Back to list

Detail of contribution

Auteur: Athanasios KARASIMOS

Co-Auteur(s): Ioannis KARAVIDAS

Predicting the unpredictable: the ALLOMANTIS experiment

Abstract/Résumé: Predicting the unpredictable: the ALLOMANTIS experiment Keywords: Maximum Entropy, Supervised Morphology Learning, Allomorphy, Derivation, Greek Abstract Introduction The computational treatment of allomorphy is still a huge challenge since the first systematic attempts on predicting allomorphy with machine learning techniques (Rumelhart & McLelland 1986 Pinker & Prince 1988, Ling & Marinov 1993 among others).
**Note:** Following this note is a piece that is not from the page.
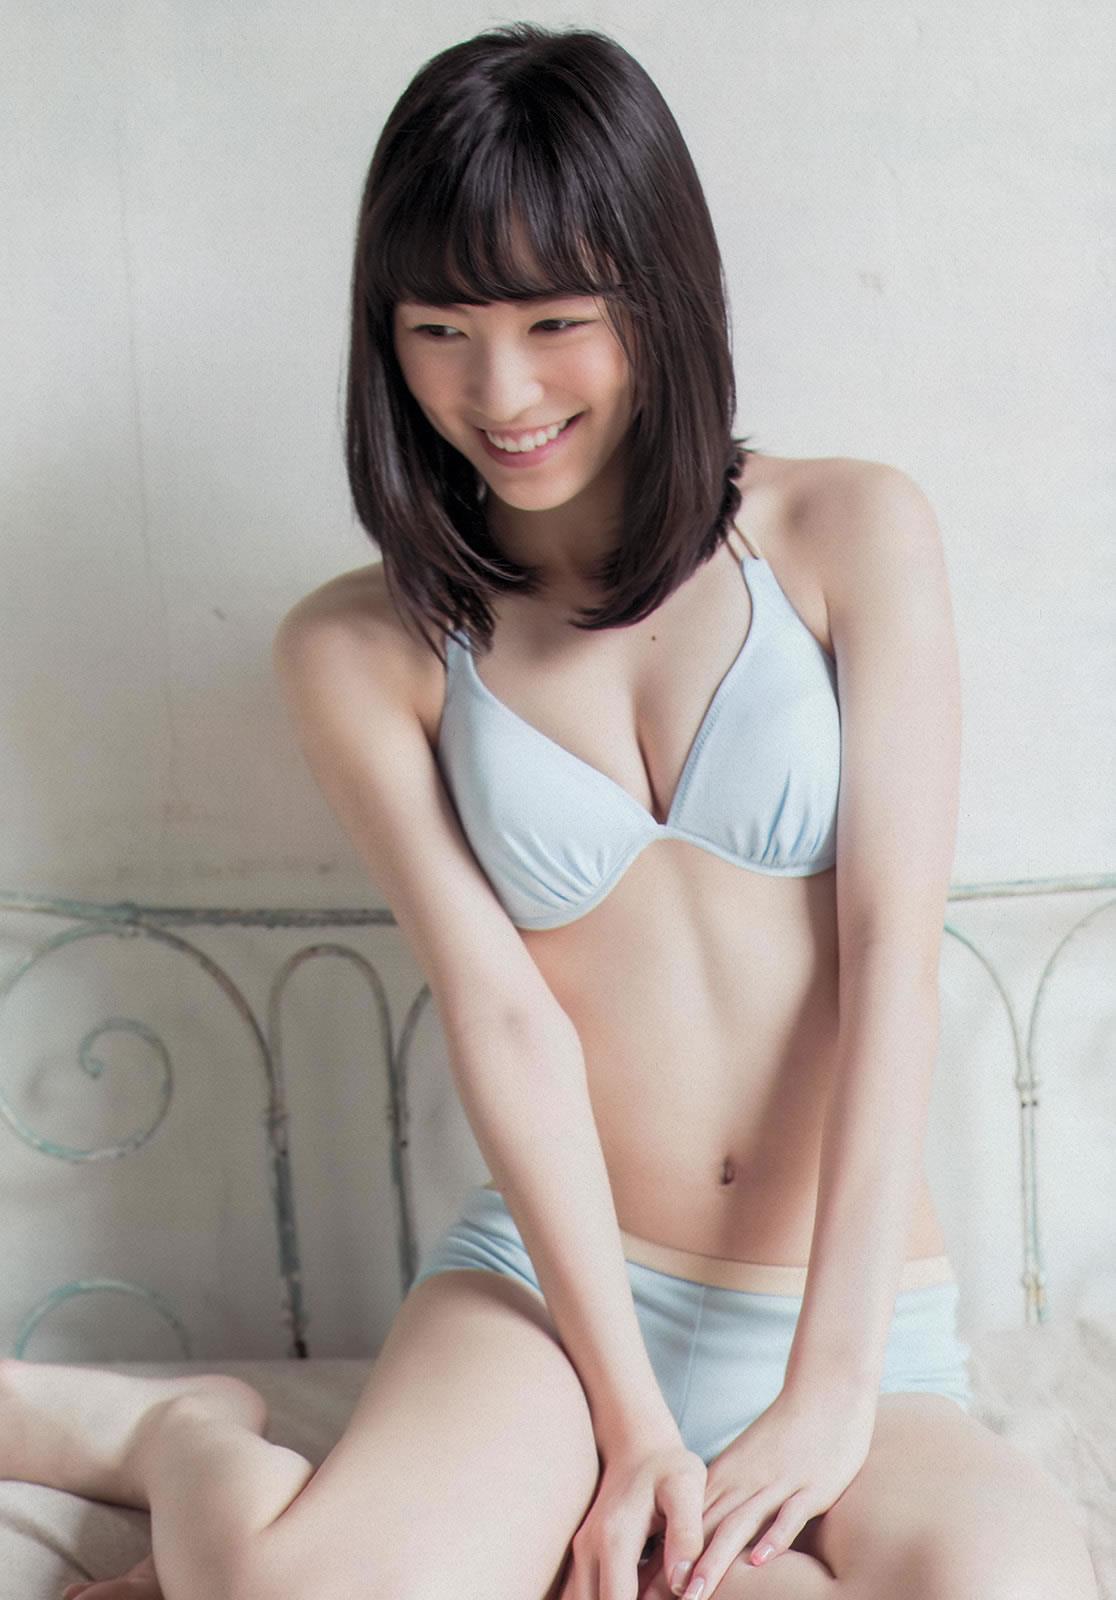 松井珠理奈 画像 111

Our goals are to predict the allomorphic changes for the Greek nominal allomorphy in derivation and to show the essential contribution of various morphological, phonological and semantic characteristics. Our maximum entropy (ME) model is based on AMIS benefits from linguistic feature sets. Given a set of events as training data, the program sets parameters that optimize the likelihood of the training data. The diachronic research reveals that allomorphy is usually relics of non-active phonological and morphological rules and changes in a language, more specifically in Greek. Therefore we make the assumption that perhaps the Greek words “include” the necessary information to a system with minimal supervision to predict whether a stem or a word has allomorphs and its type. Various characteristics have been used such as Allomorphic Class, Inflectional Class, Syllables, Stress, etc. Our model was trained on a corpus of 4,677 inflected nouns. Training data contain inflected nouns (stem and inflectional suffixes), which are not derived by other words or have derivational suffixes that are synchronically morphological opaque. To evaluate the effectiveness of our model, a testing corpus with derived nominal nouns was created. This second corpus contains 2,755 carefully selected nouns to cover the full range of features and all the nominal derivational suffixes. We created ALLOMANTIS, a morphological prediction analyzer for nominal allomorphy, which takes an input imported data from our training corpora on AMIS. The overall accuracy of the model was 86.49% with the failure rate up to 13.51. However, the result of the upgraded version of ALLOMANTIS was the rise of the correct prediction to 91.43% with the failed cases to 8.47%. We will show that a (supervised) probabilistic model applied to a corpus with quite rich annotated words can extract some basic principles that can be the keystone to construct a computational model to process successfully the “unpredictable” and hard-to-deal phenomenon of allomorphy.